TASK GOAL => Each line of the material must be reproduced exactly; pictures stay out.

PROVIDED MATERIAL =>
***
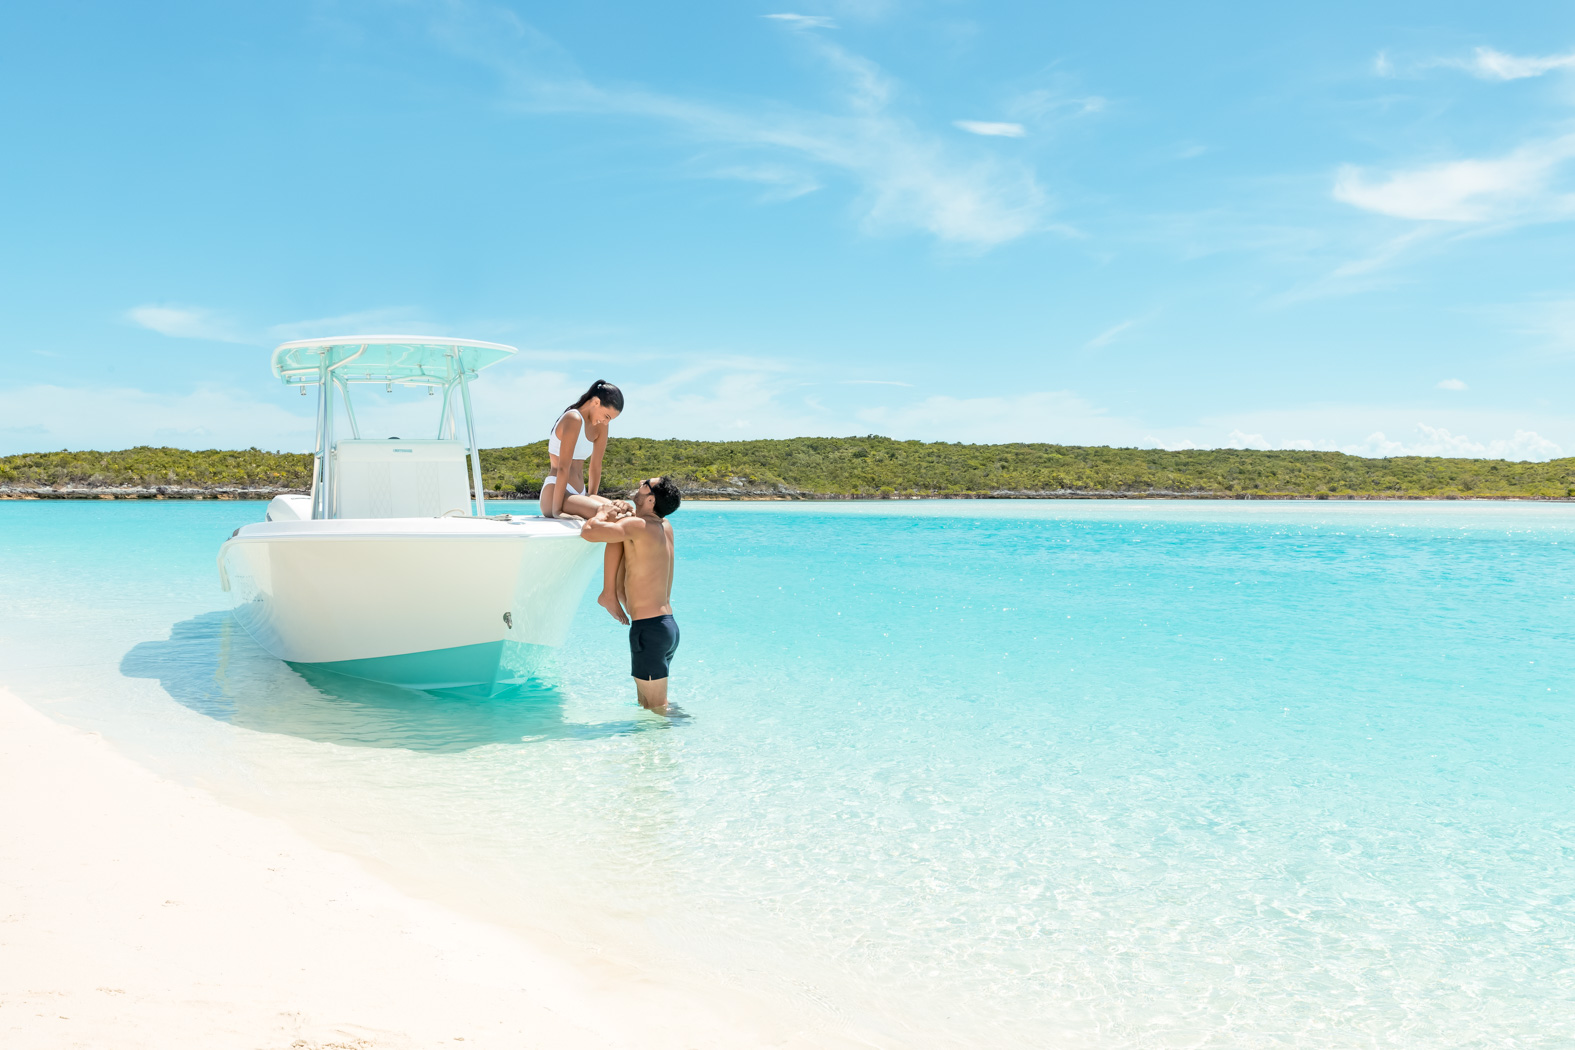 A man in swim trunks helps a woman in a swimsuit onto a white boat in clear shallow water near a sandy beach with a greenery-covered shoreline under a sunny, blue sky.
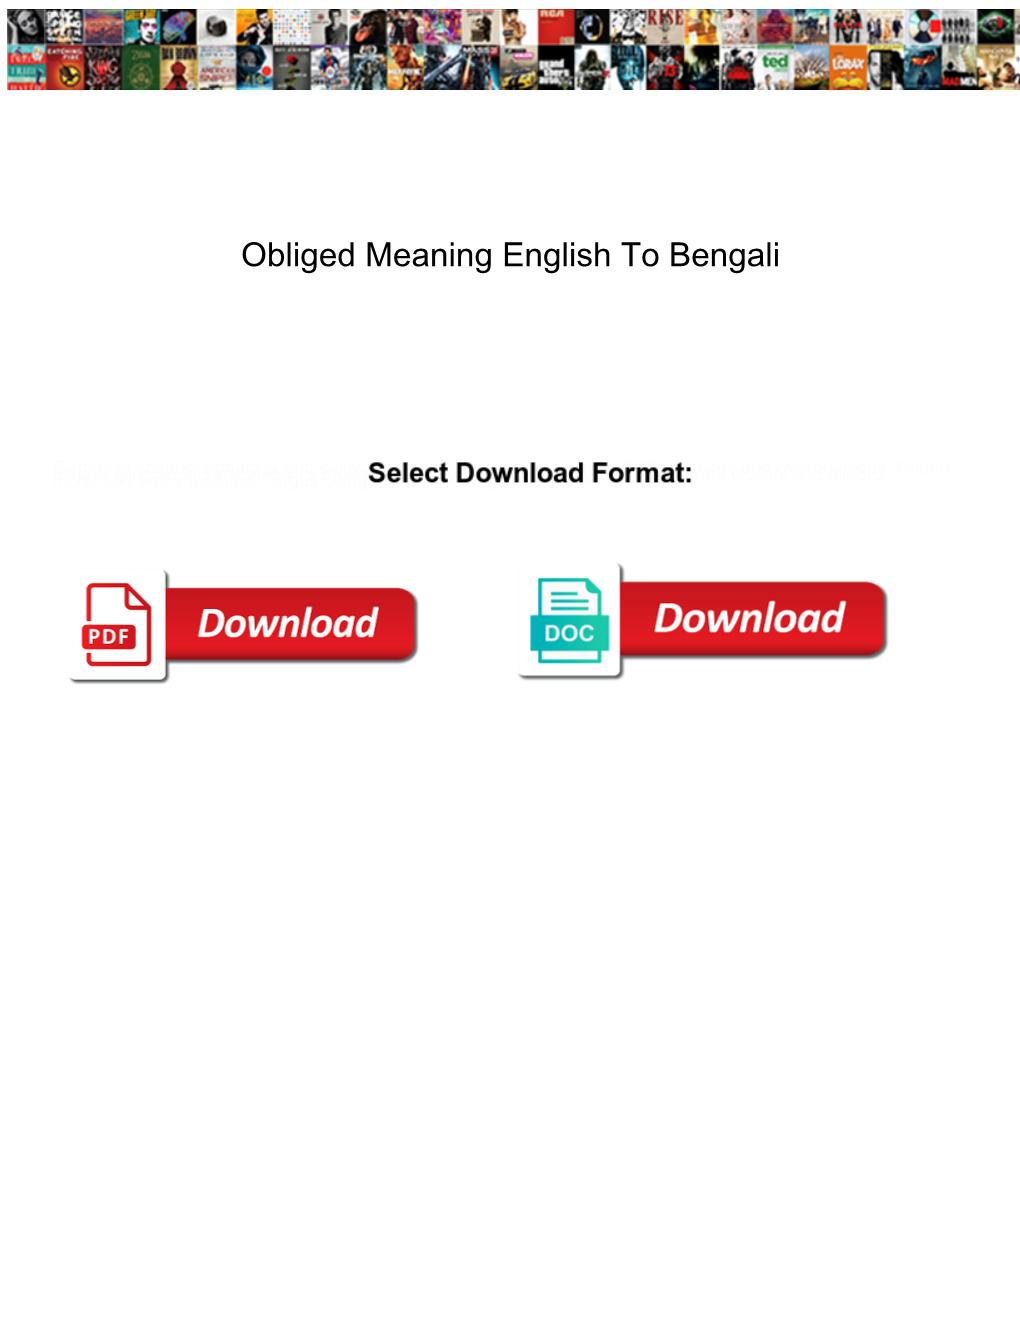 Obliged Meaning English to Bengali
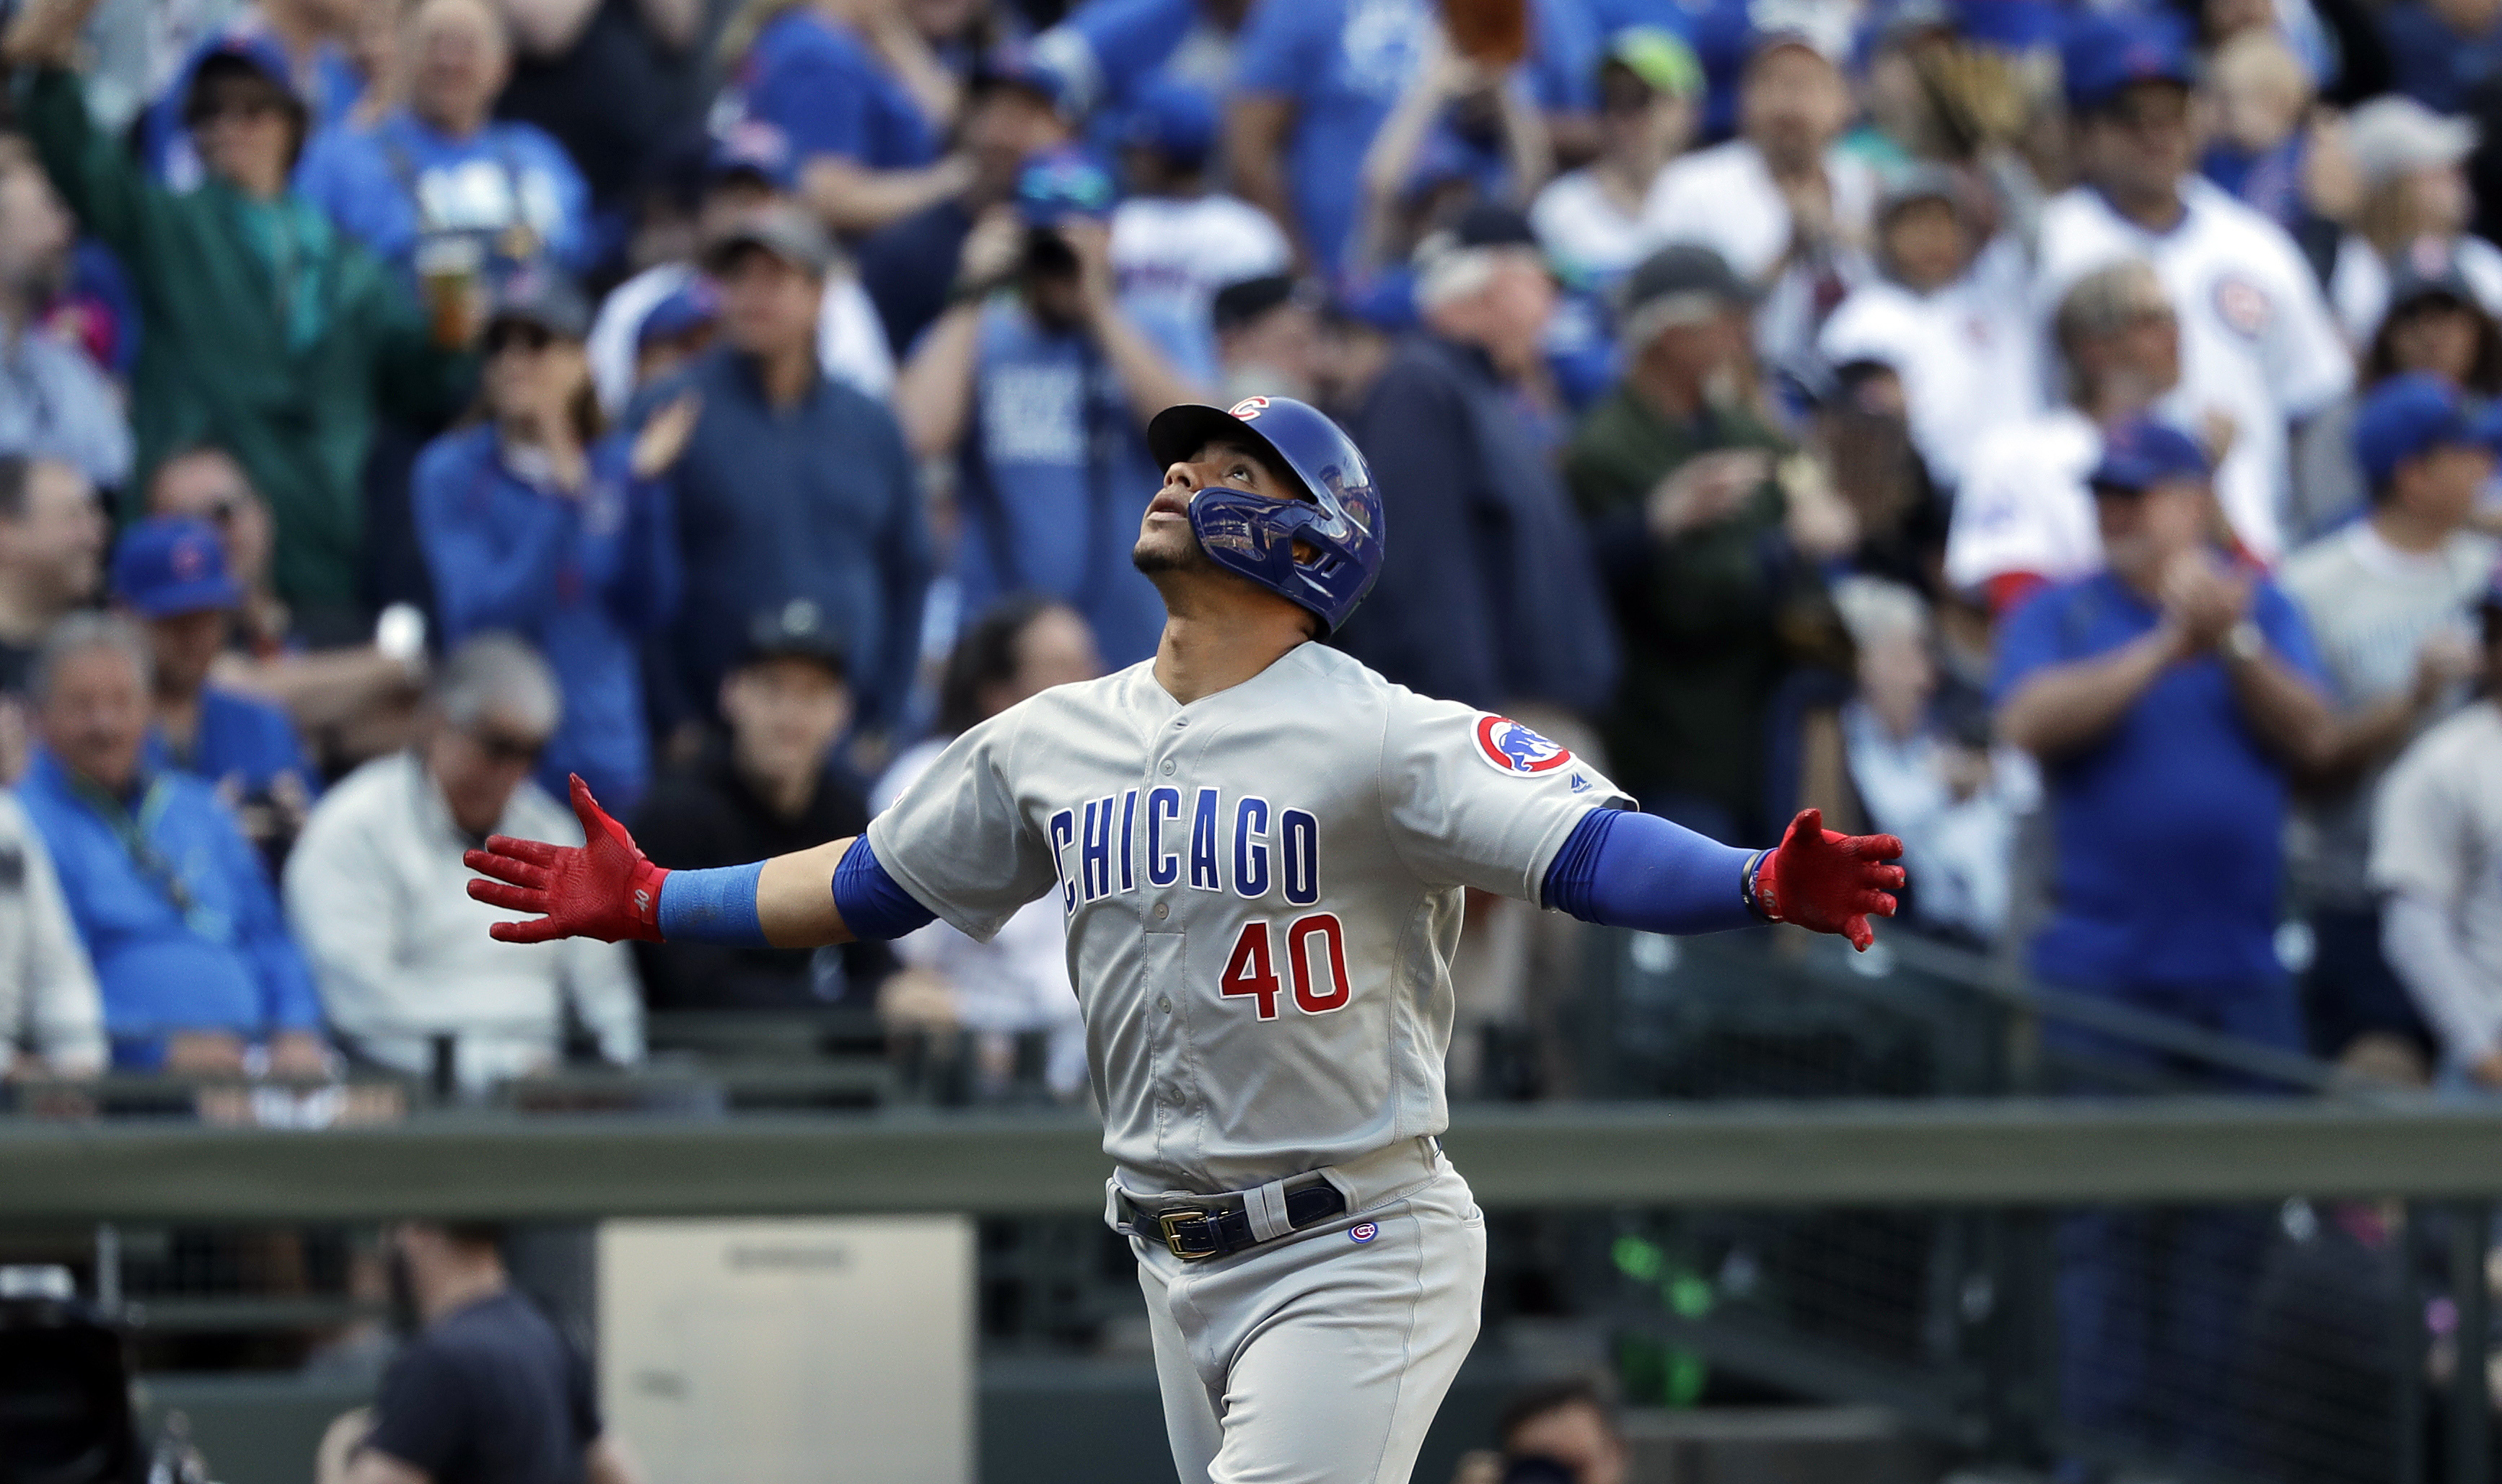 Cubs jump on Mariners, Lester allows 1 hit in 11-0 rout
***
RESPONSE TO THIS EXERCISE =>
 A man in swim trunks helps a woman in a swimsuit onto a white boat in clear shallow water near a sandy beach with a greenery-covered shoreline under a sunny, blue sky.
 Obliged Meaning English to Bengali
 Cubs jump on Mariners, Lester allows 1 hit in 11-0 rout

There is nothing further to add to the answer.